程兄惋惜的摆手,爱莫能助,甚至后退几步,任凭南飞鍠像被生擒的大鹅那般嗷嗷大叫。他大喊“知错了再也不敢了”,几位女生见了轻声发笑,露出被母亲教训的熊孩子的父亲那般慈爱且快乐的表情。
“啊!这木人发疯了!”
其乐融融的氛围很快被打破,下一组同门正吃力的围攻木人。旗开得胜除了激起众人的斗志之外,也不可避免的让部分人有了轻敌之想。当他们的敌人强的其实超乎想象之时,就是他们心生胆怯之际。
“别慌!小子们!”柳师傅指挥几人,“运用自身所学——击溃它们!”
可惜为时已晚,三人松松垮垮的包围圈很快被攻击欲望强烈的木人突破,在一片惊呼中冲向为做准备的众人——
迎向它的不是哪位同门毫无防备的身体,而是快速而极具力量的一掌。
咔咔两声,狂躁的木人跪在始作俑者的身前,再无其他动静。
“——好。”这是亦天凛的评价。他眉毛轻挑,终于放开南飞鍠可怜的马尾,饶有兴趣的盯着那人,“好掌法,这人——有点东西。”
“是啊,这位同门,好厉害!”他带了头,周遭的同门纷纷发出喝彩,嘈杂的赞美声中,被赞美的人没有丝毫波澜,只是抱着双臂,扫视周遭。白色的头发,黑色的衣装,金色的眼瞳,亦天铃在脑内快速搜索,并没有在迎新宴见过这人。

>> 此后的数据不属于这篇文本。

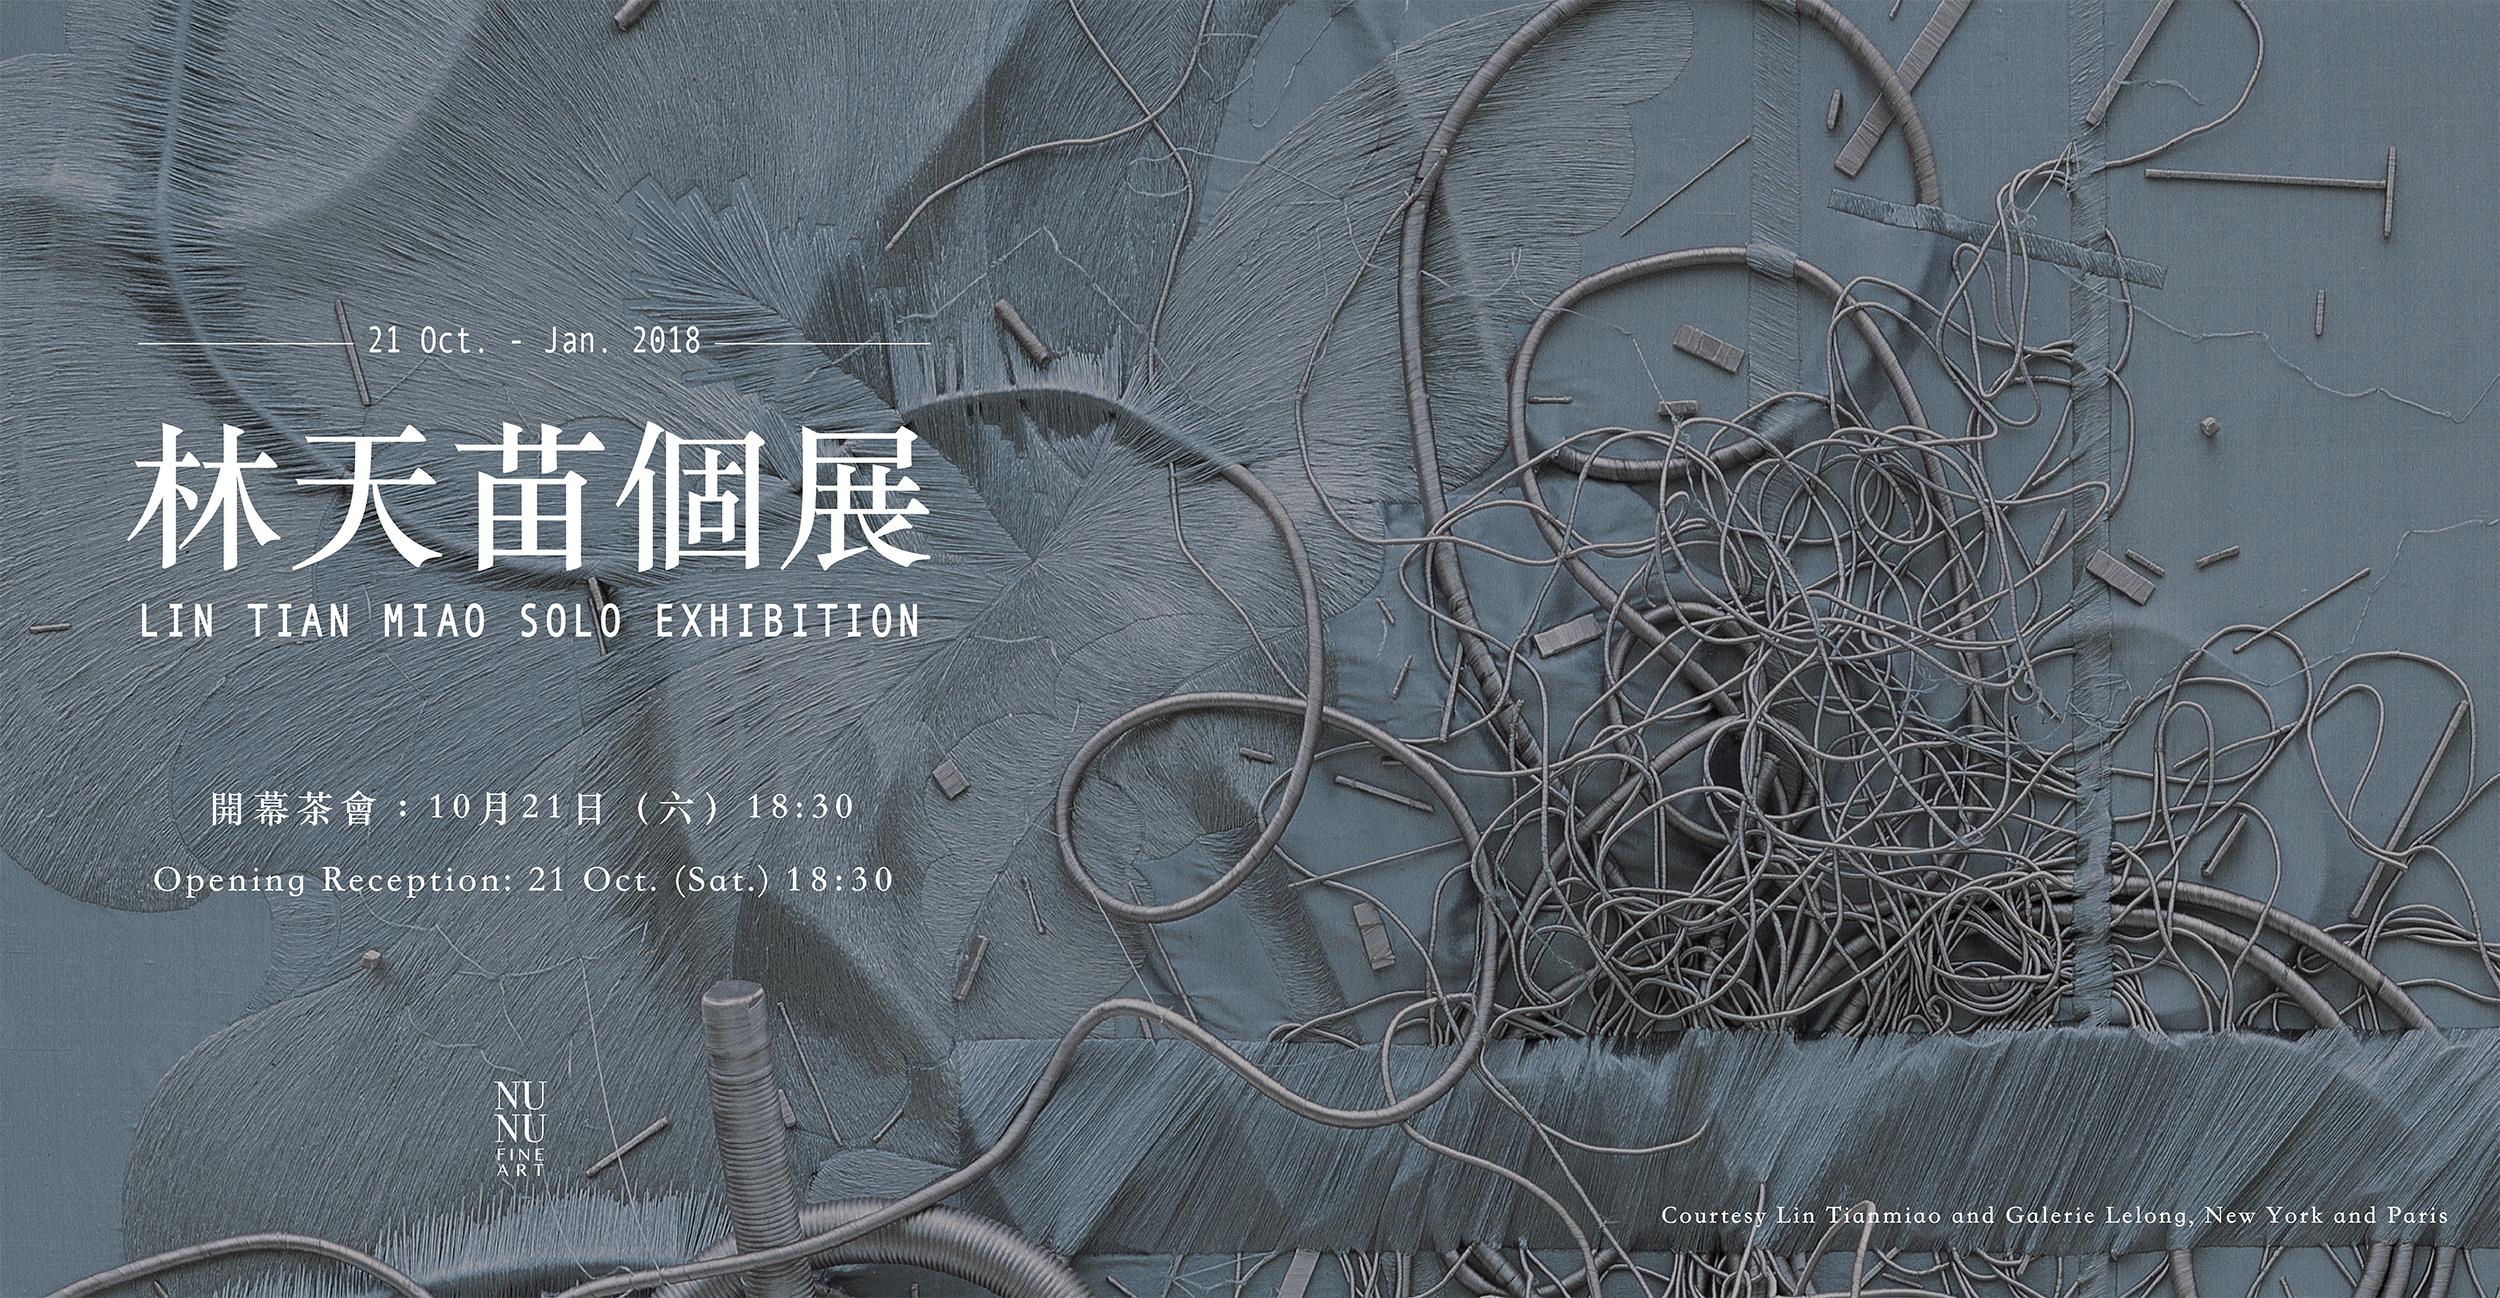 2017/10/21 - 2018/1 林天苗個展 Lin Tianmiao Solo Exhibition

“很好,这位弟子。”柳师傅终于发话,“找两位同门,进行下一组对练吧。”
“不,没有必要。”
意料之外的事,还在发生。只见他轻声一笑,摇头拒绝:“连木人都对付不了——这样的人为伍,也只会浪费时间。我不需要和任何人组队。”
一石激起千层浪,一阵沉寂之后,是波涛般议论的狂热——狂妄,但强大,这样的同门终于出现了!但对于其高调的做派,评价开始逐渐两极分化起来。一位同门上前,如此说道:“这位朋友,你这番话倒是不把在场的众同门放在眼里了?敢问是哪个门派的哪位高徒,能这样目中无人?不妨说出来,好让我开个眼界。”
此人正是王齐,方才的木人就是从他队友那里脱出的。对于他的举动,白发少年只是看了他一眼,简洁的说道:
“悲欢楼,石崑。”
“!”
氛围变了。
亦天铃和亦天凛察觉到异样,同门的表情从一开始的或恼火或敬佩,逐渐凝固,最后变为复杂且掺着更多负面情绪的表情,好似换了一副面孔。更奇怪的是,就连南飞鍠他们都露出不带恶意的相似表情,似乎对于中原武人来讲,按常理,他们就应当这样一般。
“悲欢楼?”亦天凛发出疑问的语气,很快便得到同门的答复:“悲欢楼,乃武林四大世家之一的石家所创,”带着严肃的神情,红儿讲到,“是个不分对错,接单杀人的刺客组织。”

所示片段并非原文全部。